Oh my goodness! I have just watched the most random, yet interesting film. Yeah, this one is a film, not a flick, very artsy. (Jim would have despised it!)
"Before Night Falls"
I know, I know, you're saying, "Susie, where have you been? This sucker came out YEARS ago!" But I found it on a movie channel and had some time to kill, so I made me some tea and hunkered down.
Right out of the shoot, the credits had me in a quandary. Johnny Depp? Sean Penn? Really? But that's what they said. I was INTRIGUED, I tell you!
It's a true story, based on the memoirs of Reinaldo Arenas (1943-1990). It begins with some beautiful story telling, as Arenas' own poems are read, all the while showing the squalor of his childhood. In one scene he is a very innocent 10 or 11 year old, running away to join the Revolution. He is given a ride on a donkey pulled cart driven by none other than Sean Penn! (That's him on the left)

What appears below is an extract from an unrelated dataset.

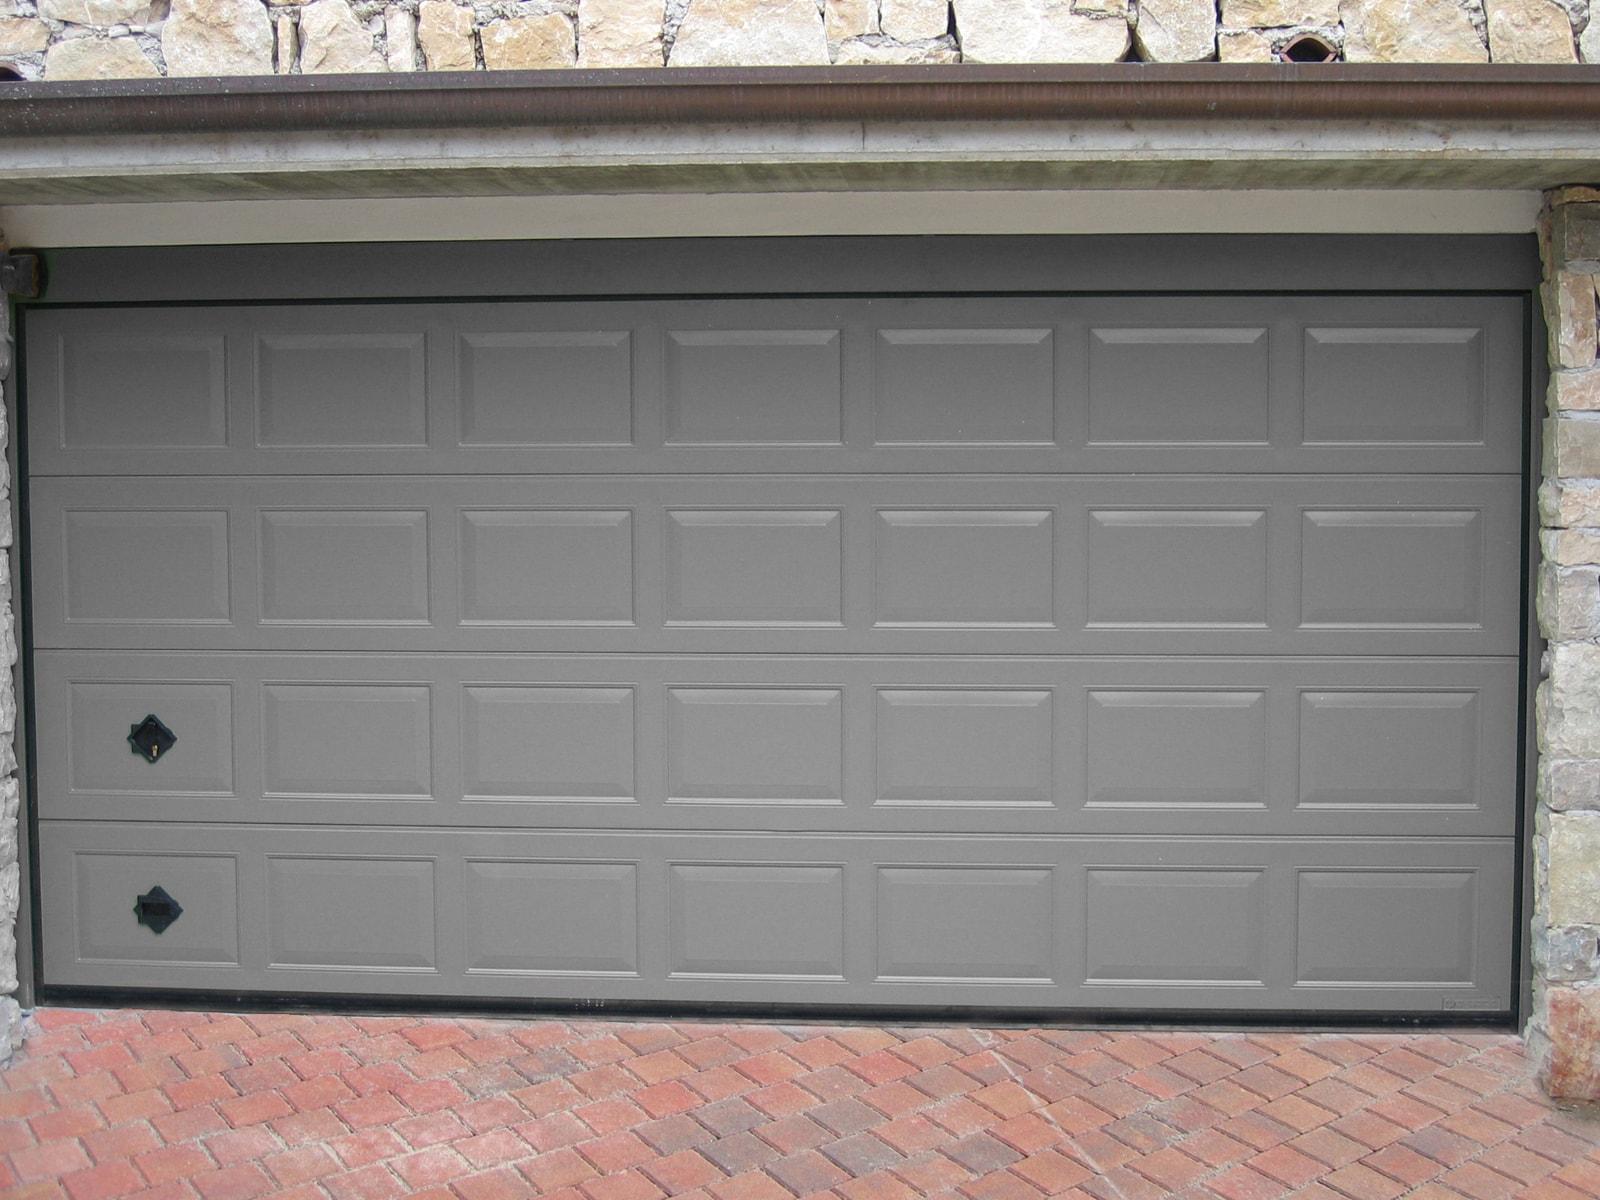 Portone sezionale da garage ATHES - Liscio grigio RAL

Seriously, the worst "white guy-turned brown guy" I have EVER seen. You can tell it's him in a second, his makeup is atrocious and frankly you are so surprised by his very presence, that you're already in a shaky state. But then HE OPENS HIS MOUTH AND BEGINS TO SPEAK!

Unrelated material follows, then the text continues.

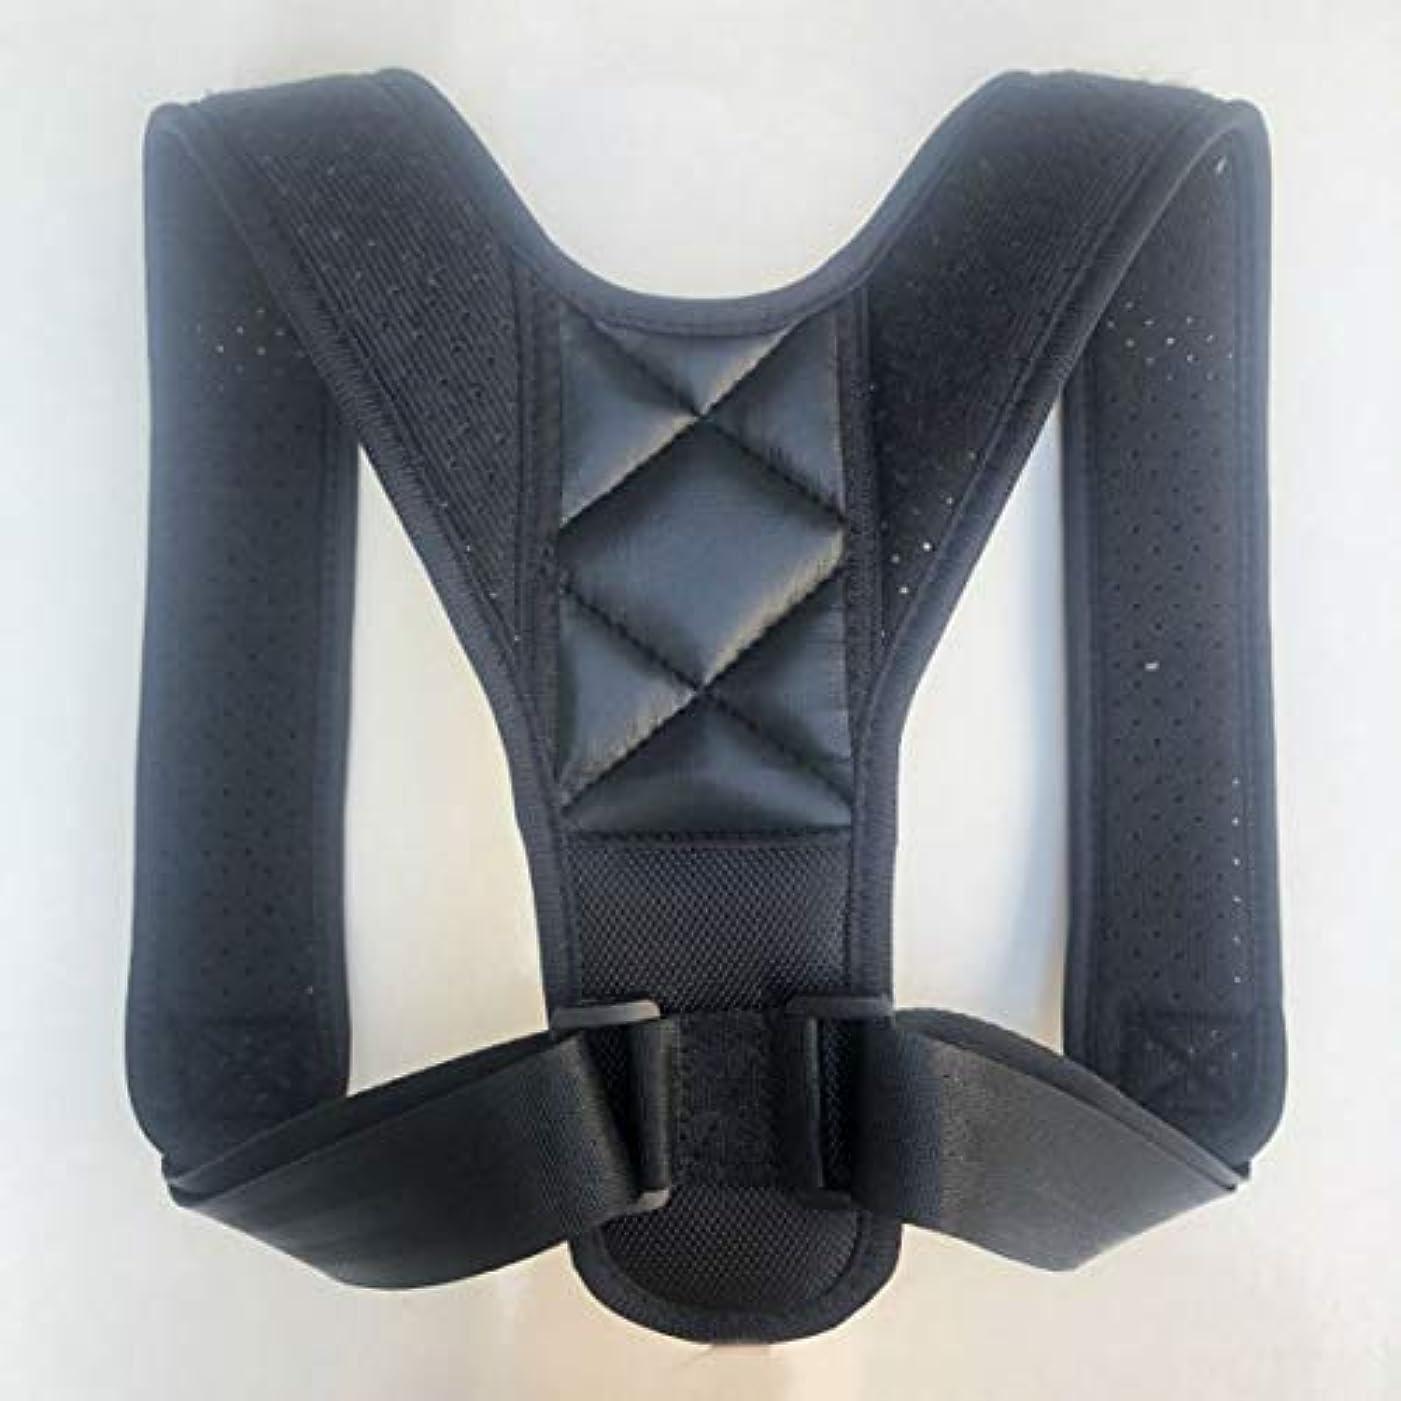 インスタント収入脇にアッパーバックポスチャーコレクター姿勢鎖骨サポートコレクターバックストレートショルダーブレースストラップコレクター - ブラック

This is a "Spanish-ish" language film. Heck even the so-called English sounded like no English I'd heard. Kinda hard to understand, but when in Cuba... But where the rest of the film you struggle to understand the very heavy accents, this time, you just want it to stop. (Think Kevin Costner in Robinhood), he sounds like a REALLY bad Cheech.
The story moves on to his adult life. Reinaldo was a gay writer in Revolutionary Cuba. Not the best sorta guy to be in those days and in that place. He was in constant fear for his life and was in and out of prison a good deal of the time. AND THIS IS WHERE HE FIRST MEETS JOHNNY DEPP! (That's him on the right) Ol' John really moves out of any kinda comfort zone you may have thought possible. His charactor smuggles Reinaldo's latest novel out of the prison so it can be published. How does he do this you ask? Well, one hint, he is famous for the capacity of one of his orifices. I will wait right here for you while you get this one... (Humming, da-da-da-da, da-da-da. Da-da-da-da. Dah! Da-da-da-da...)
5 comments:
Johnny makes for an alarmingly pretty girl.

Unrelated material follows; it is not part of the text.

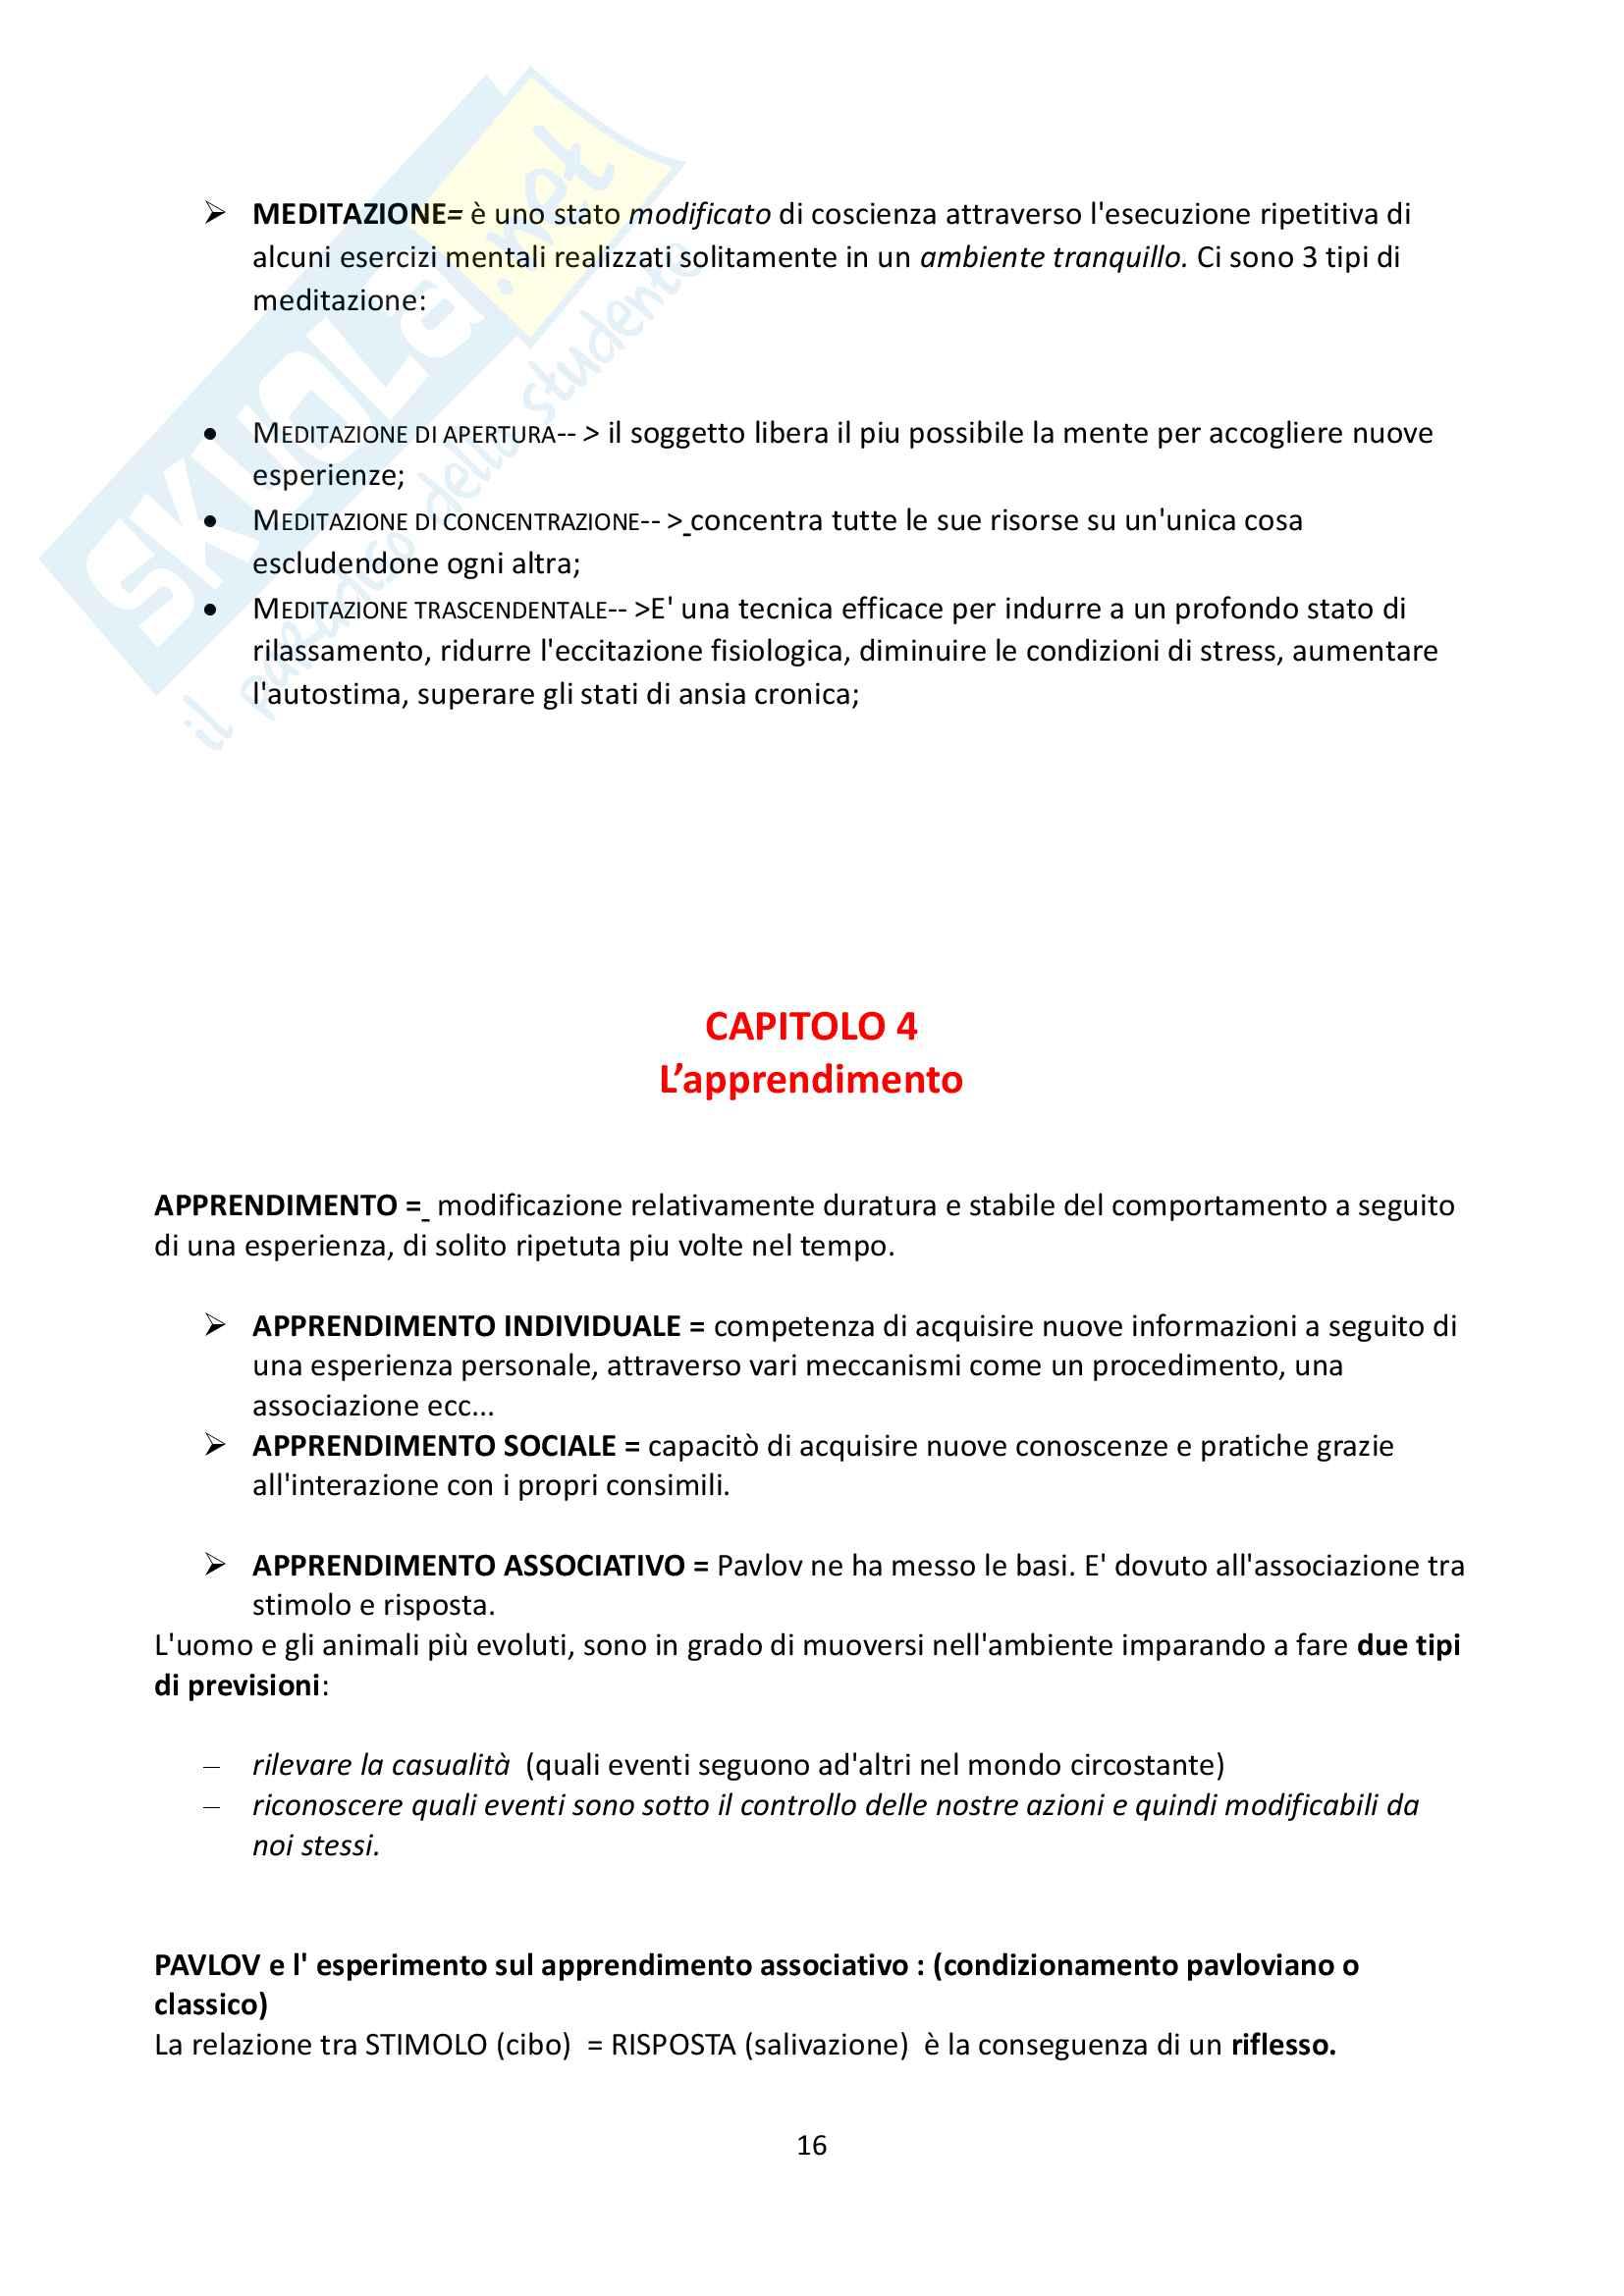 """Riassunto esame Psicologia Generale, docente Federici, libro consigliato """"Psicologia Generale"""" di L. Anolli e P. Legrenzi Pag. 16"""

No, seriously? Johnny Depp is hot even in full drag with a novel up his arse.
I agree with the other females of the comment board. I would go on a date with him dressed like that if I had to.
And I've said it before, and I'll say it again: SEAN PENN LOOKS JUST LIKE DYLAN. There.
Wow Ashley. Now that you pointed it out, I see it! He could be a stunt double or something for him. Oh, I guess he'd have to do "stunts". Maybe not.
Dylan does stunts all the time. He's usually piss drunk when he does though.